Ничто. Остров и демоны - [33]
На вокзал мы поехали в такси. Машина была битком набита: кроме нас, уселись еще три подруги Ангустиас, три самые близкие.
Малыш испуганно уцепился за отцовскую шею. Его очень редко выносили гулять, и, хотя он был упитанный, лицо у него при ярком солнечном свете казалось уныло-бледным.
На перроне мы столпились вокруг Ангустиас, она обнимала и целовала нас. Прижавшись к дочери в последний раз, бабушка расплакалась.

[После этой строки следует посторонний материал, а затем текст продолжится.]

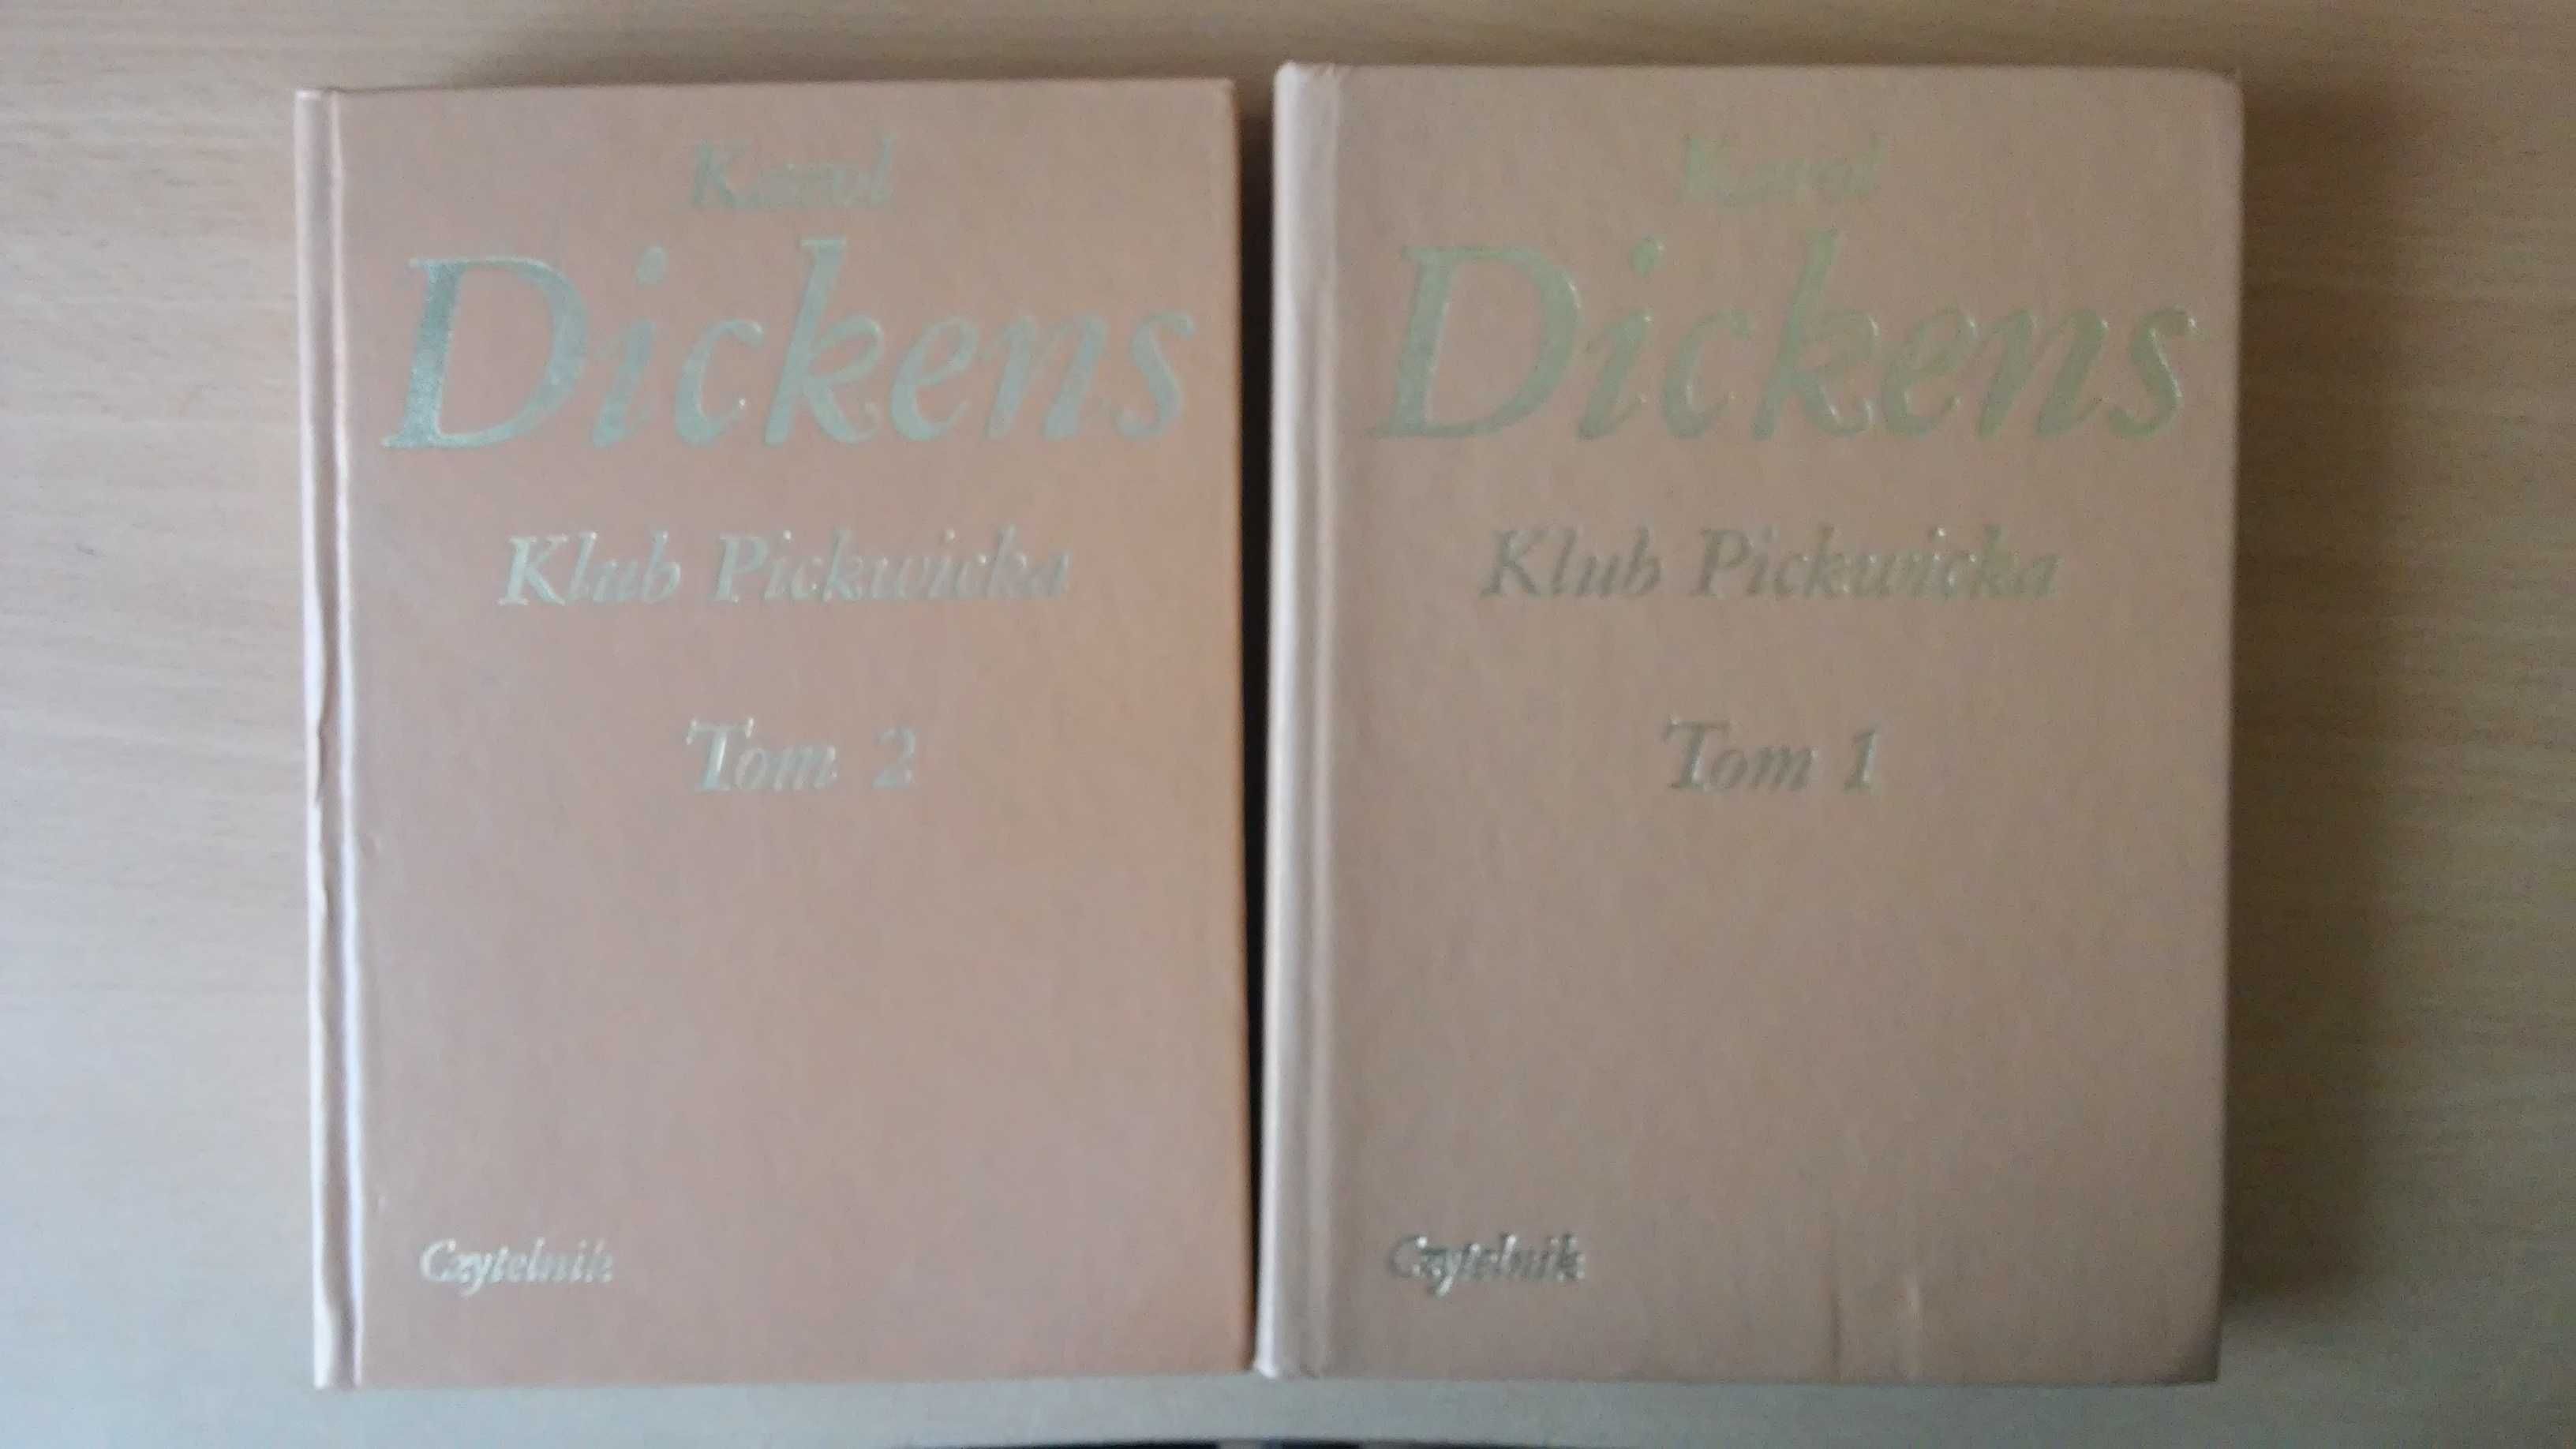 Klub Pickwicka, Karol Dickens

У нас был такой нелепый вид, что кое-кто на перроне оборачивался и поглядывал в нашу сторону.
За несколько минут до отхода поезда Ангустиас вошла в вагон; она плакала и печально смотрела на нас из окна, ну, прямо святая.
Хуан был уже не в себе, вертелся во все стороны, иронически кривил рог, пугая подруг Ангустиас, — они сбились в кучку и старались держаться по возможности дальше от нас. Ноги у Хуана дрожали. Он больше не владел собой.
— Не строй из себя мученицу, Ангустиас! Все равно никого не обманешь! Тебе небось сейчас слаще, чем воровке, которая стащила кошелек. Меня-то ты этой комедией не проведешь, видали таких святых!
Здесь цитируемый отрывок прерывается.